▶ **WHAT THIS TASK INVOLVES**: Look through the entries below and copy exactly the part that begins with the line containing "eggless brownies on" and ends with the line containing "Dunlop Tennis Balls". Do not copy the pictures.
═════ MATERIAL FOR THIS EXERCISE ═════
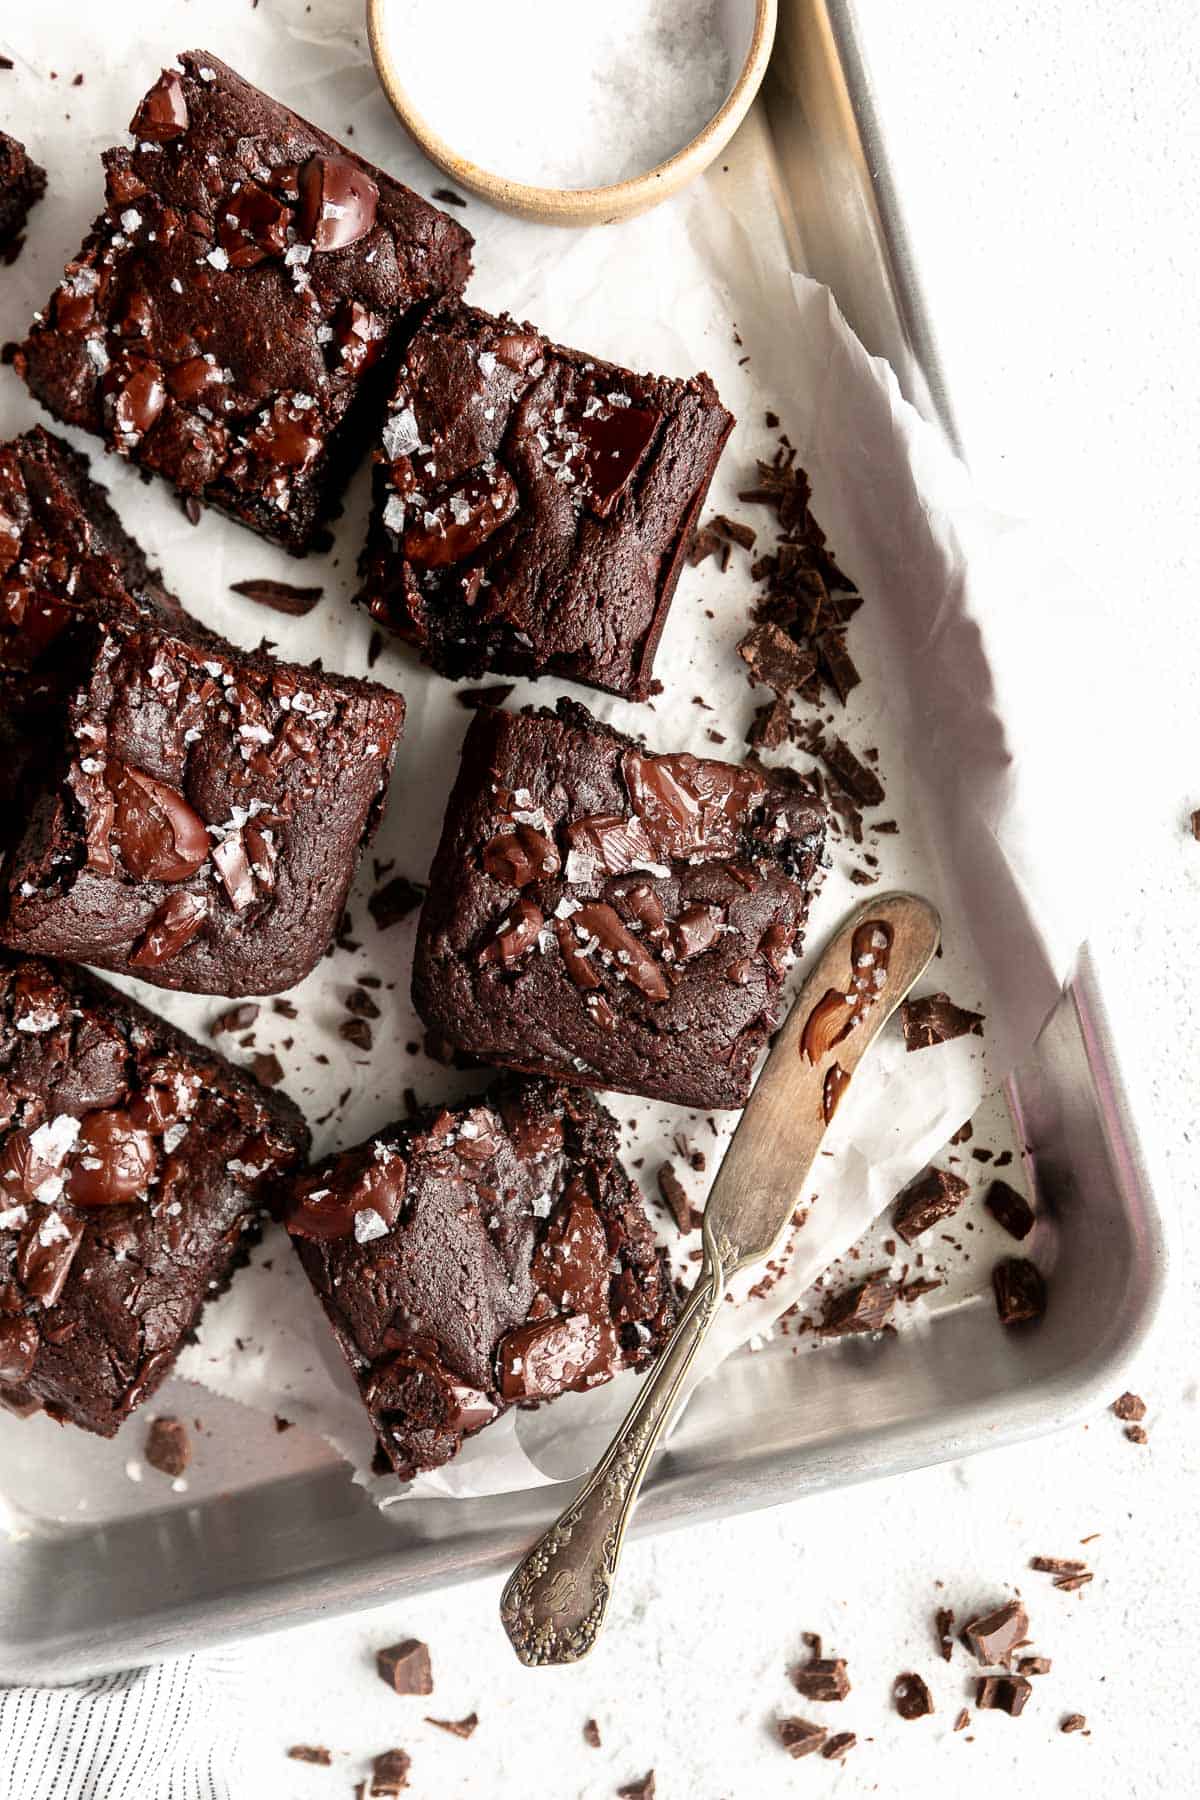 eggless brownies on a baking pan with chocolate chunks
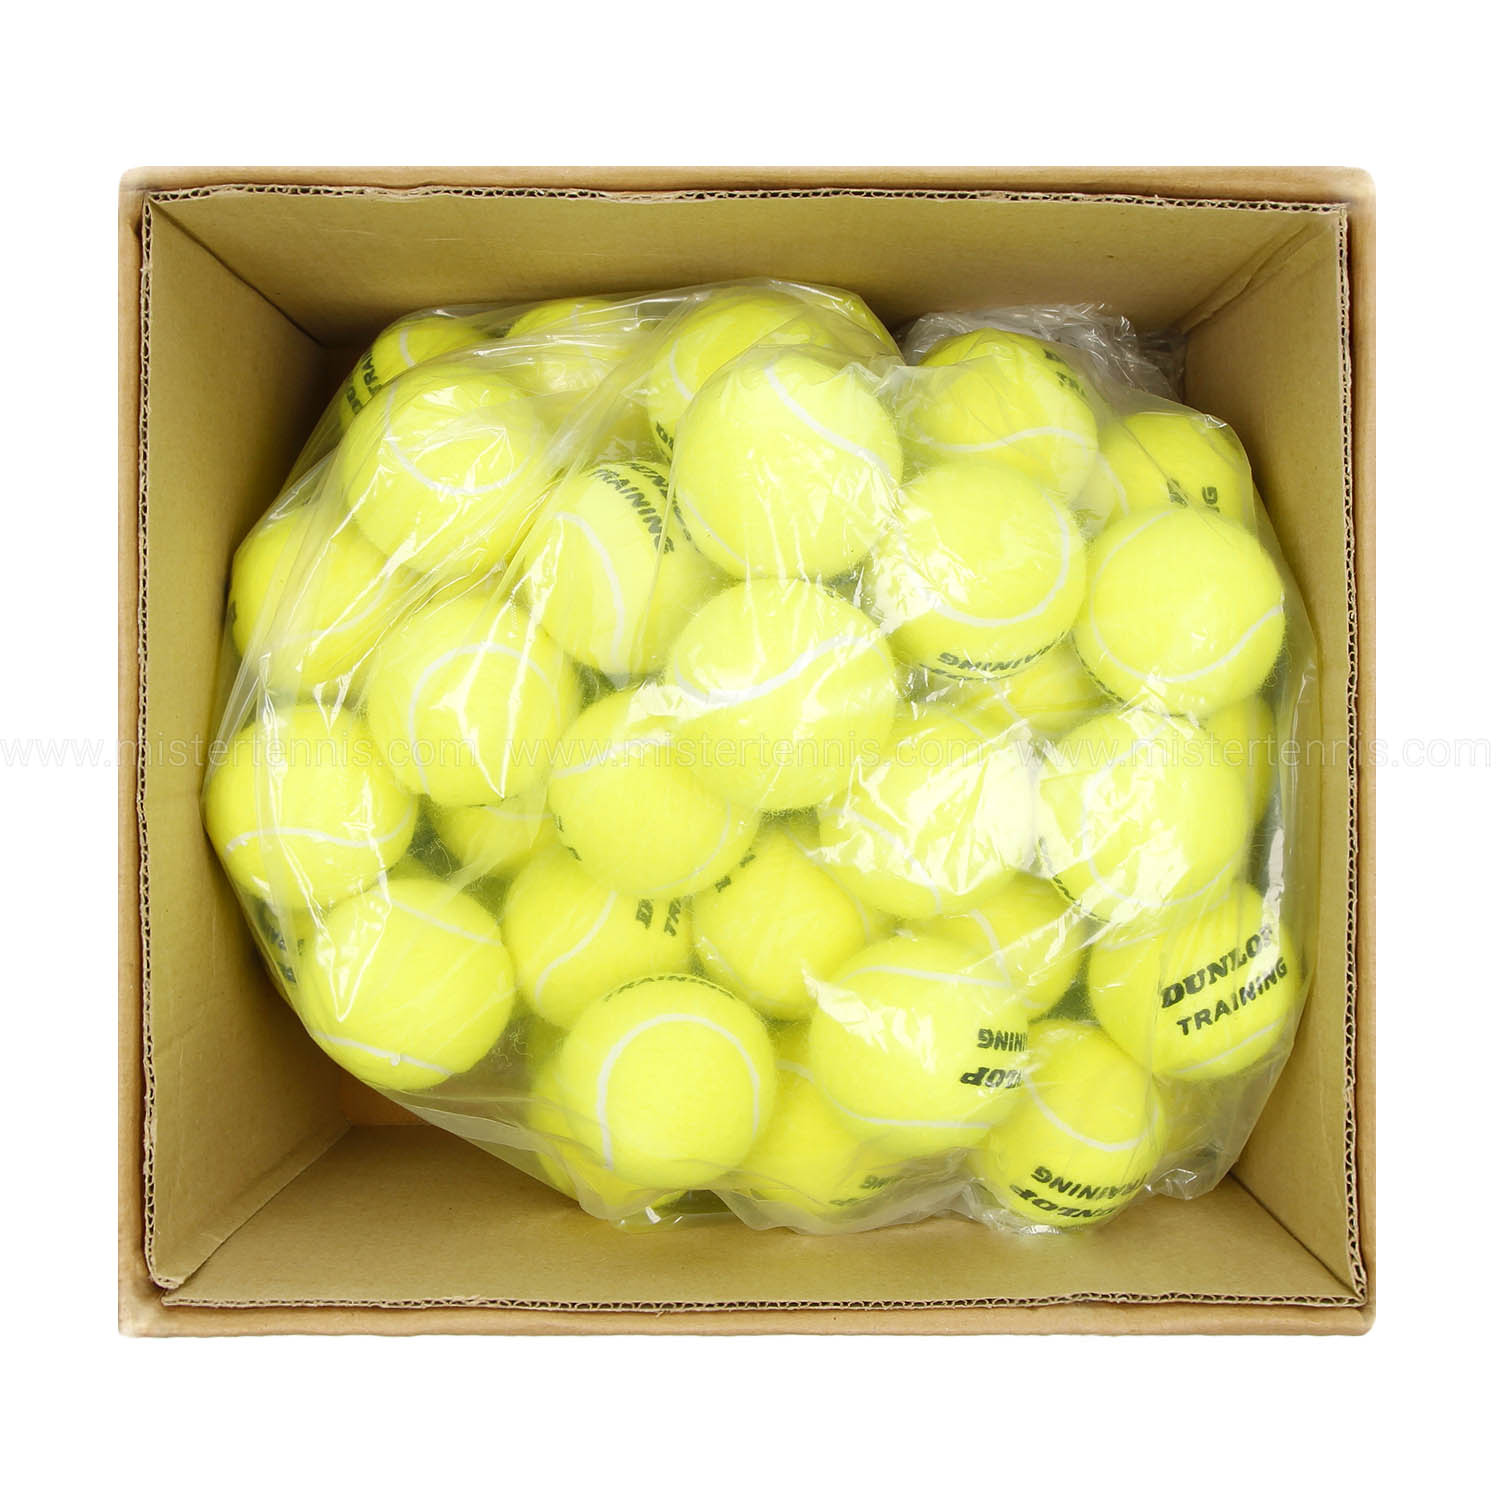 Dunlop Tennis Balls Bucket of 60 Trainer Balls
═════
═════ MATERIAL FOR THIS EXERCISE ═════
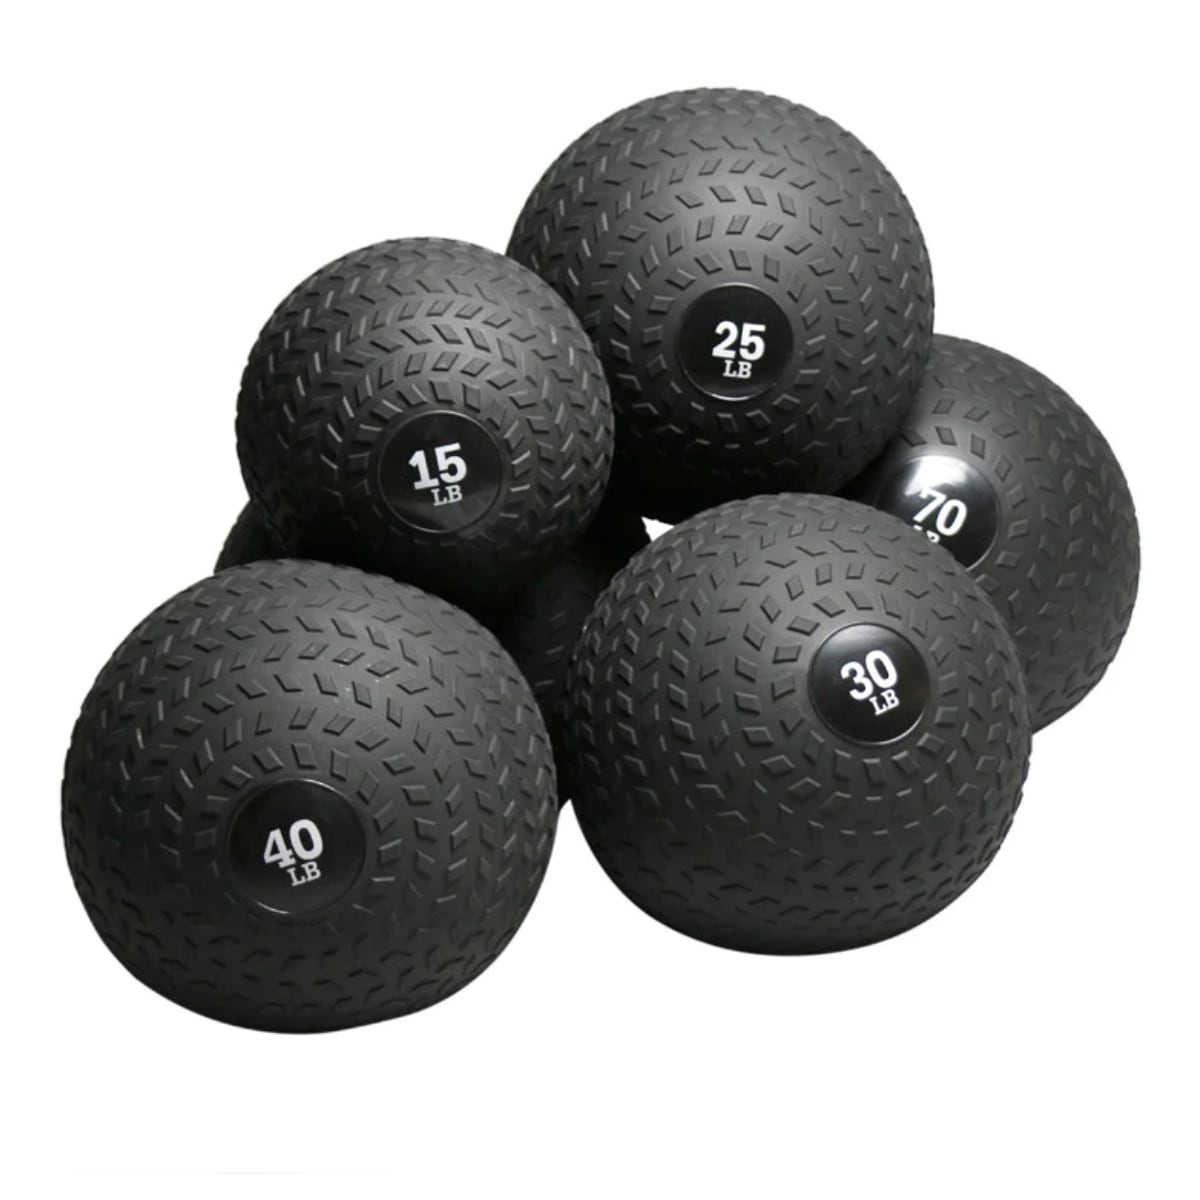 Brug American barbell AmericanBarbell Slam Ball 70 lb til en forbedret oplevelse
═════
═════ MATERIAL FOR THIS EXERCISE ═════
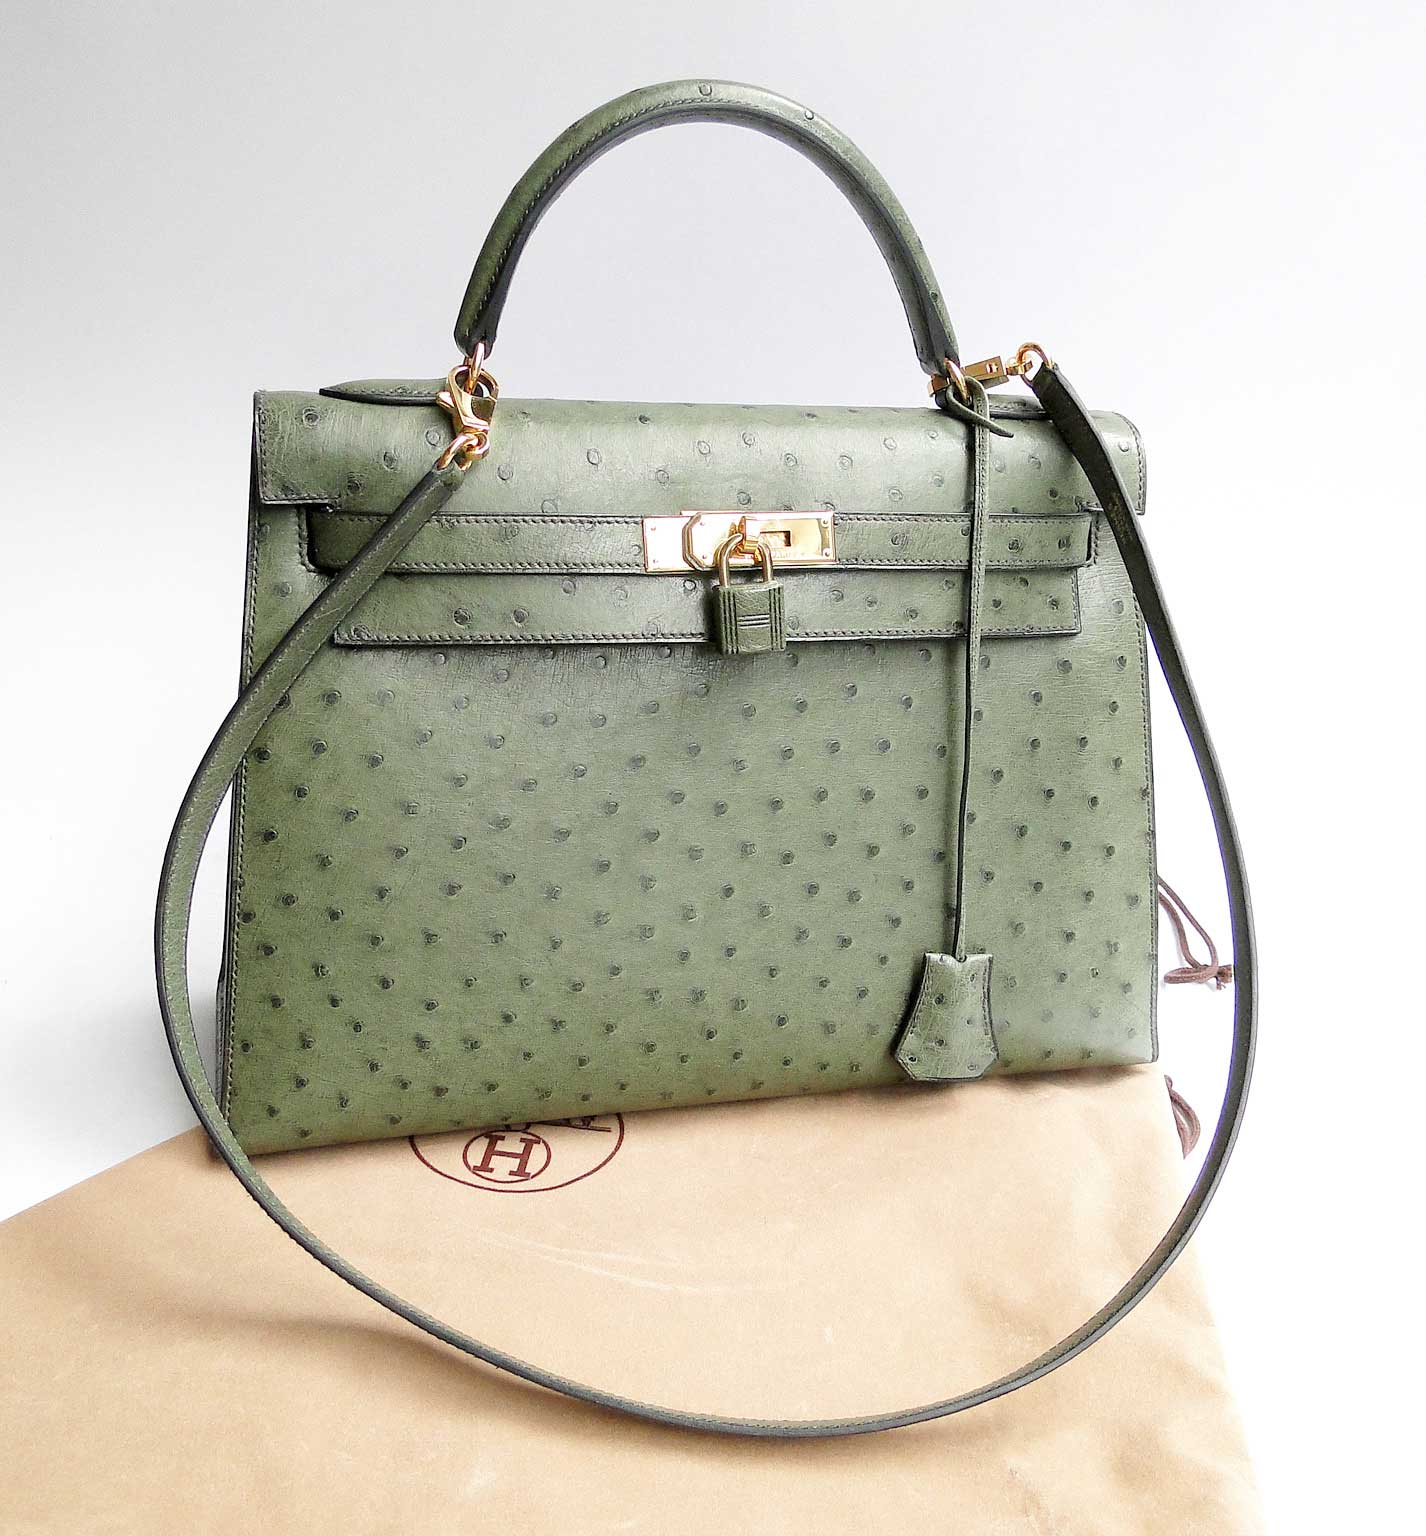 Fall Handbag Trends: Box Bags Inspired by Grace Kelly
═════
▶ **ANSWER SECTION**:
 eggless brownies on a baking pan with chocolate chunks
 Dunlop Tennis Balls Bucket of 60 Trainer Balls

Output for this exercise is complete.